“It’s when I’m weary of considerations,/ And life is too much like a pathless wood…/ I’d like to get away from earth a while/ And then come back to it and begin over…/…Earth’s the right place for love:/ I don’t know where it’s likely to go better.”—Robert Frost, Birches
1. If: Counterpoints
If you marvelled at the dance of the Northern Lights
Counterpointing the smouldering plumes of ashen smoke
Billowing out of an Eyjafjallajokull cradled by melting glacier,
Or quietly scanned the opal horizons of Banda Aceh swathed
In a glorious sunset chiaroscuro before the waves claimed
Atolls and infants back into the rip tide roar of that tsunami;
If you were ambushed by an unforgiving temblor that rocked
Haiti out of its romping in reggae regaled beaches turned
Into common graveyards of carrion crushed under rubble;
If you have walked through cherry-blossom-strewn streets
And smiled at strangers’ hallooing: How about this spring?
Before rampaging twister funnels crushed hearths and homes;
If you have strolled and danced ragtime beat on Orleans’

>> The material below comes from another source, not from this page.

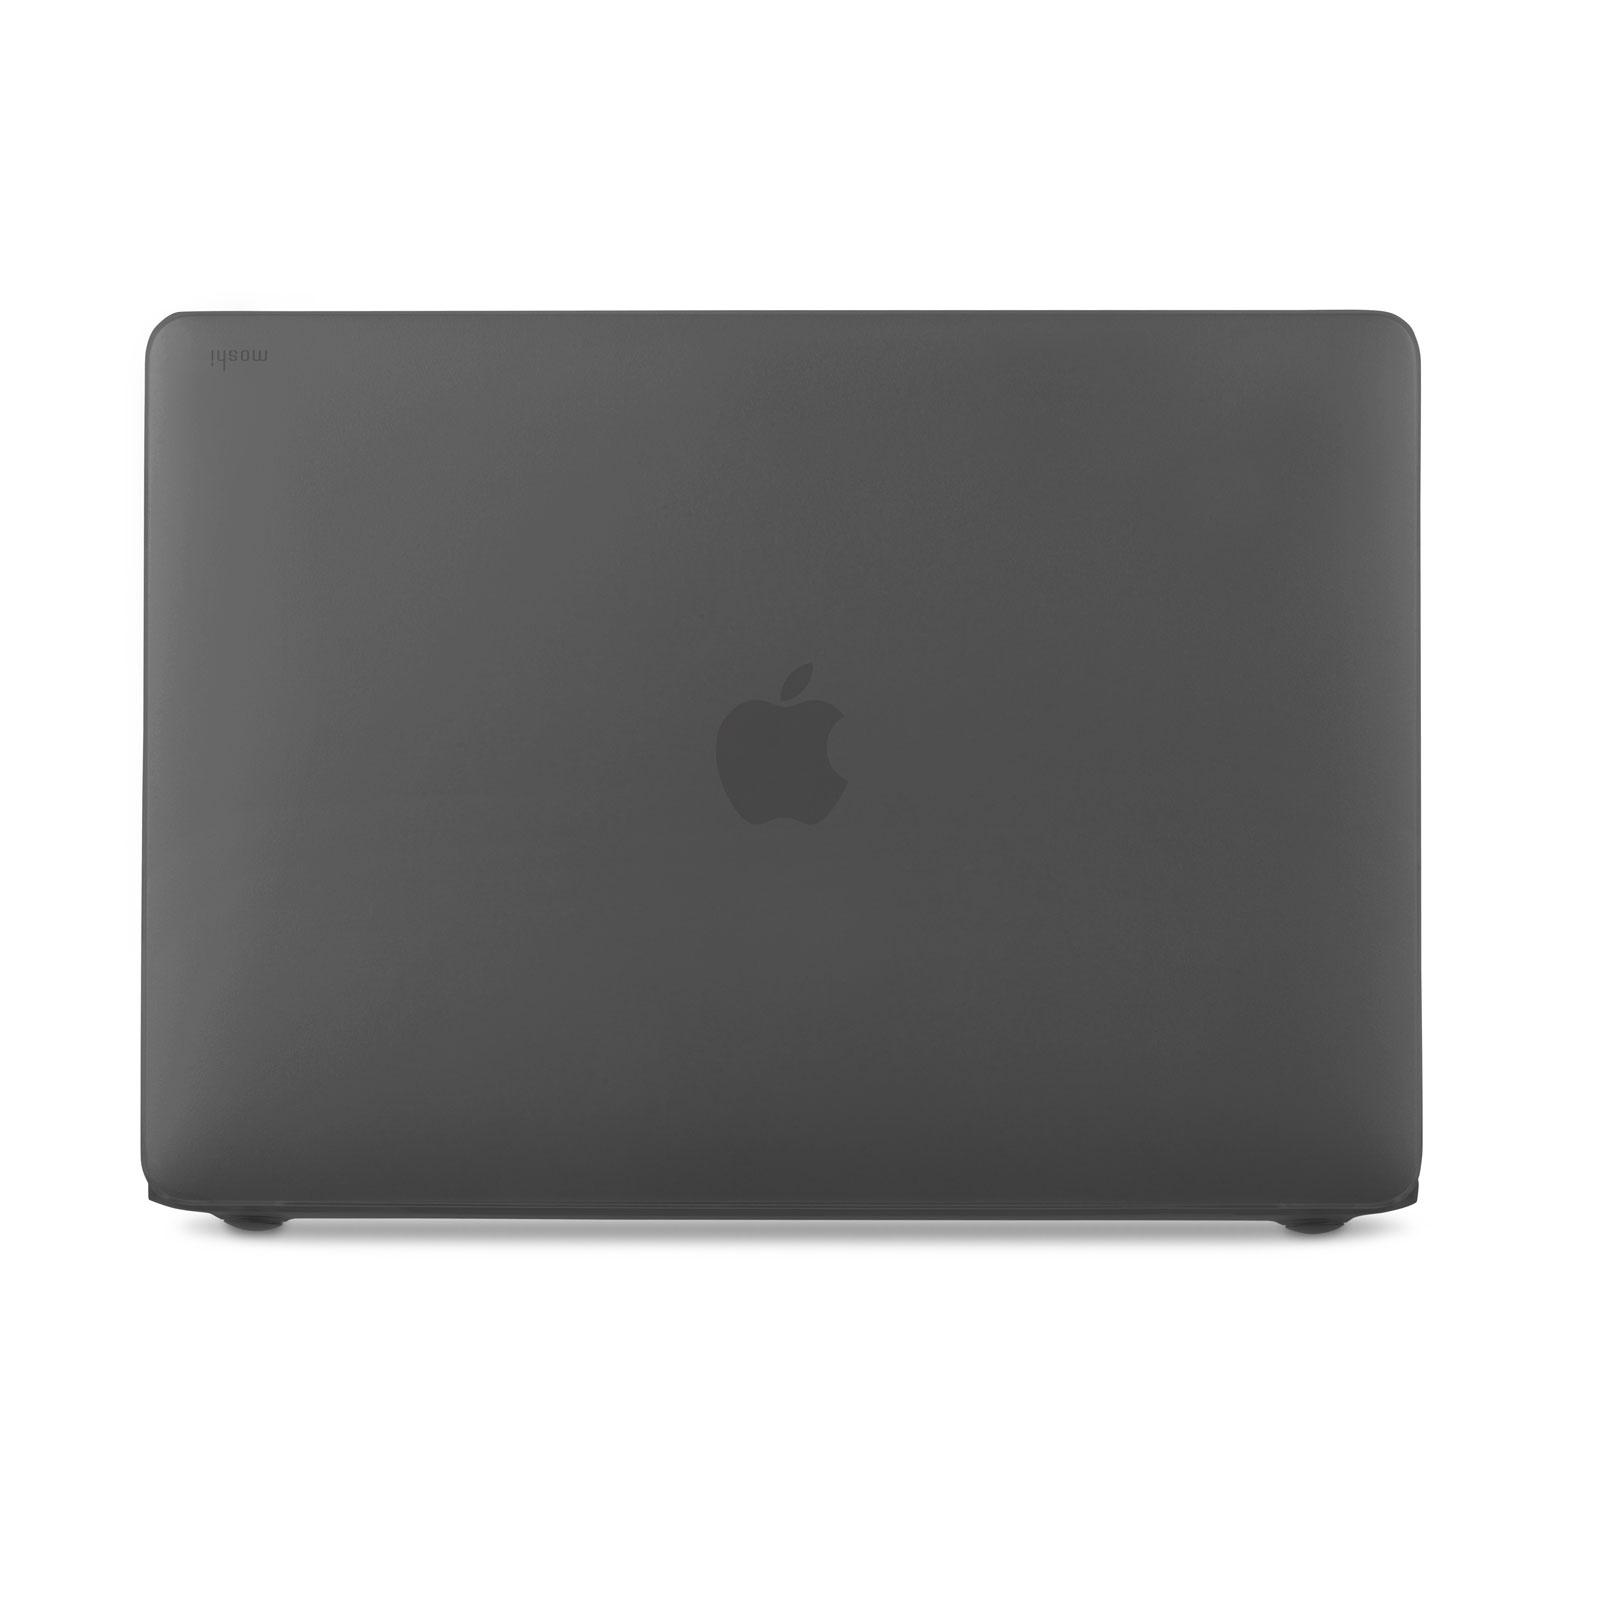 Чехол Moshi для MacBook Air 11

Roadhouses rocking rampant with rap and razzmatazz
Before Katrina’s wrath wreaked hell’s hurricane havoc;
If you still marvel at forest flowers as God’s fingers
And espy sandpipers bolt through thicket cramping marsh
Before infernal flames crackle through Santa Barbara’s hills;
If you have stolen kisses and felt purloined embraces
In the limpid ripples of Cancun’s caressingly undulant seas
Before the onset of the curdling spill on the playa negra;
If you braved the stygian stink of Ilog Pasig and sang songs
While harvesting floating tulips, debris, or stray crayfish
For some foregone repast before it turned into River Styx;
If you have lived through these and now blow fanfare
For Earth’s being the right place for love or maybe care,
You might yet begin to accept that Mother’s lullabies were
Also her gnashing of teeth when you wailed through nights
When slumber would have allowed her love not tantrums
Of infants grown now and “quartered in the hands of war”:
2. Wrath of Days
How else explain the wrath of days descending
not into quietness but pain? Has she not kept her anger
in check for all the tantrums of the Ages: Thermopylae,
Masada, Ilium, Pompeii? Hiroshima, Auschwitz, Nagasaki?
Stalin’s pogroms? The death chambers and Holocaust trains?

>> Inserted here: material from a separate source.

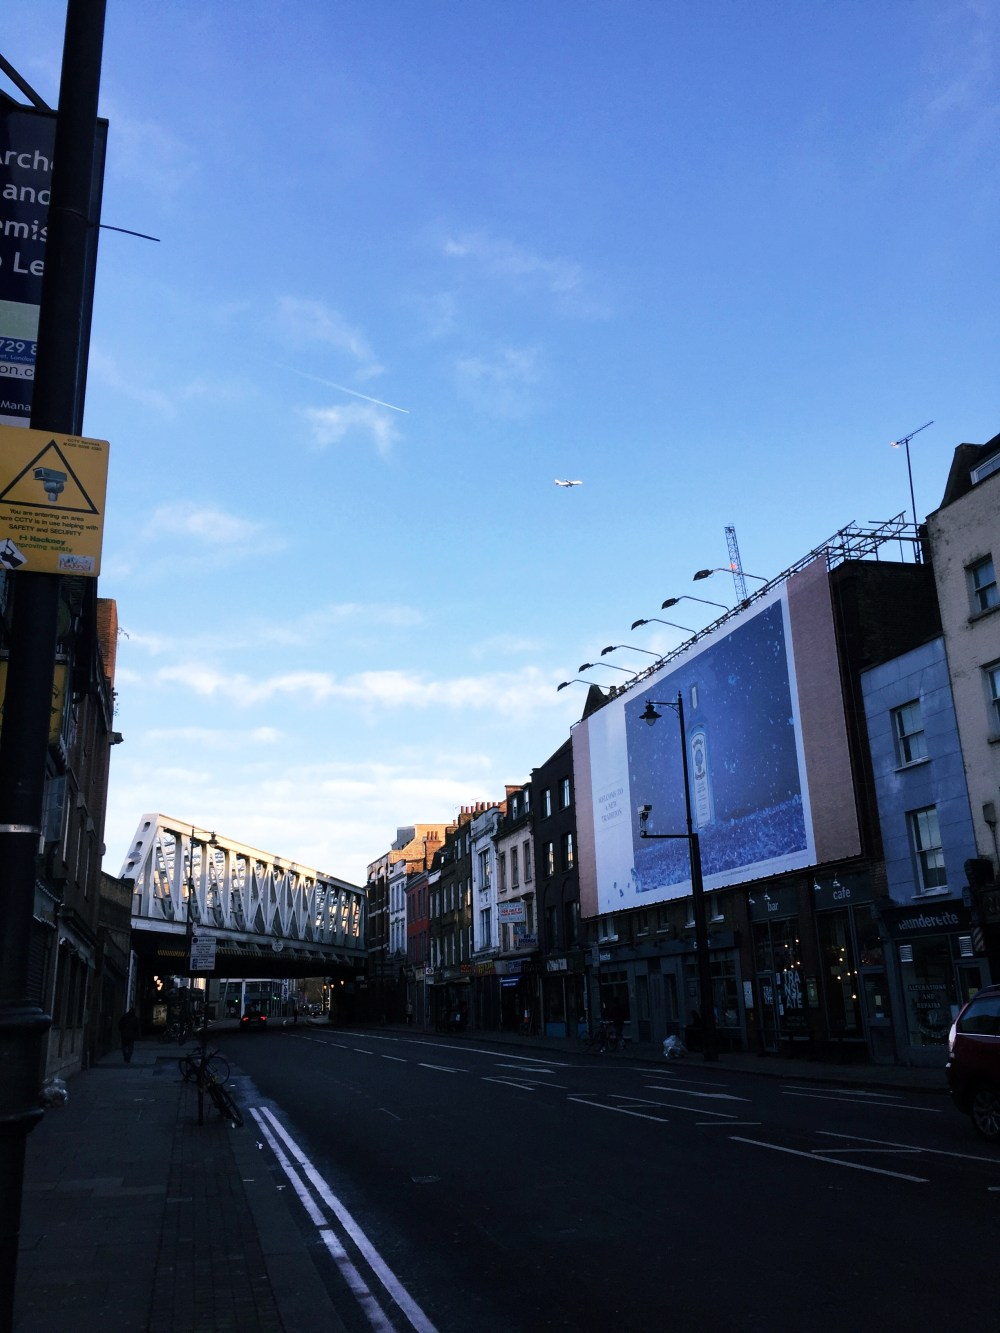 11 Dec 2016: Old Street x Kingsland Road | London, England

Polpot’s killing fields in Kampuchea? Rwanda’s genocide?
Before it lured tourist trekkers, the verboten Walls of China?
The Berlin Wall? The Gaza Wall? Fences of n.i.m.b.y.
neighbours: India and Pakistan, Iran and Iraq, splintered
Korea, the Irelands shorn of the emerald isles, the fractured
United Kingdom where the sun has finally set on its Empire,
the still haemorrhaging American southern states crippled
and still unyoked from black history but seething now
from the African-American’s irascible entitlement —
With Zimbabwe’s apartheid, Congo’s rapes, Ethiopia’s
hunger, Sudan’s ceaseless putsch tango, Somalia’s piracy
trade, tribal wars in Uganda, Namibia, Botswana, Kenya,
will blacks overcome someday, soon? Only if they, too,
would get munitions from Venezuela’s bottomless vaults
gurgling with black gold, aceite y petroleo, and Oil of Ages.

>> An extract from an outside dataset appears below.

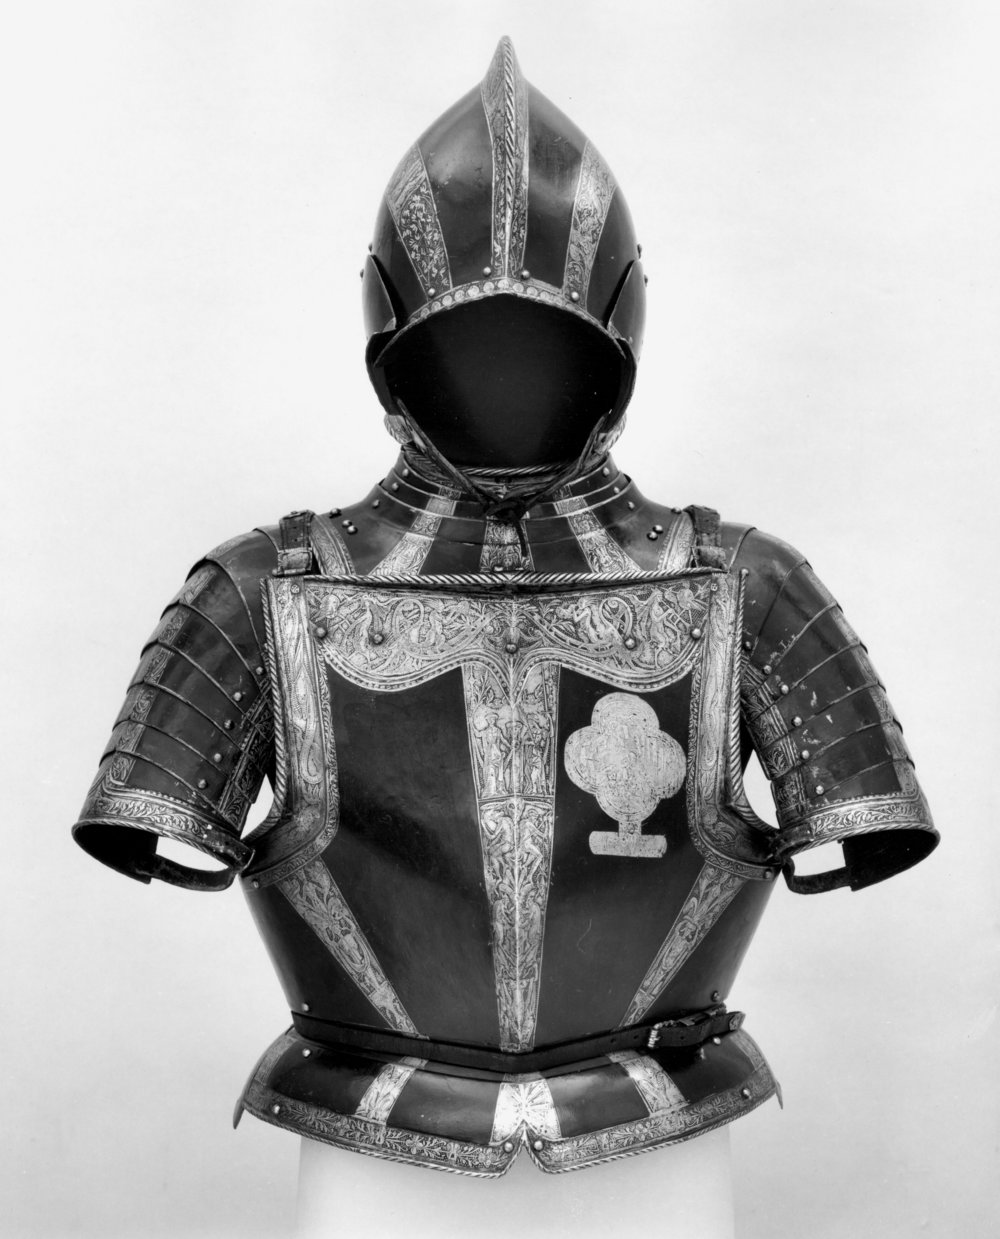 Armor, Northern German, ca. 1560-65. Courtesy the Metropolitan Museum of Art.

Lubricator of the war and killing machines, In Oil we Trust.
3. The Spill and Fall
Has it gone any better? Love on this piece of terra infirma?
That’s when Mother shushed you back to sleep,
An impatient rhythm clipping away what should have been
A gently lulling melody from the Song of Ages:
“Rock-a-bye, baby on the treetop; when the wind blows,
The cradle will rock. When the bough breaks, the cradle
Will fall; and down will come baby, cradle, and all.”
The bough breaks, and you scream. Too late for that.
This is not a dream. The freefall is Mother’s little slip
When she could no longer hold you still, somnolence
Finally taking over, and your cri d’couer, a scream
For help, for caress, for all the love gone from an empty room.
The cradle falls, she can’t pick it up. Exhausted and utterly
Spent, she mutters in her sleep: Spare the rod, spoil the child.
Tomorrow, if it comes, Mother will prop up — backaches
Assault her waking days now — will step into her plimsoll
As she would her dancing pumps, oil-soaked slippers.
She will slip and fall before anyone else wakes up.
She will yell: “Damn it, who spilled oil on the floor this time?”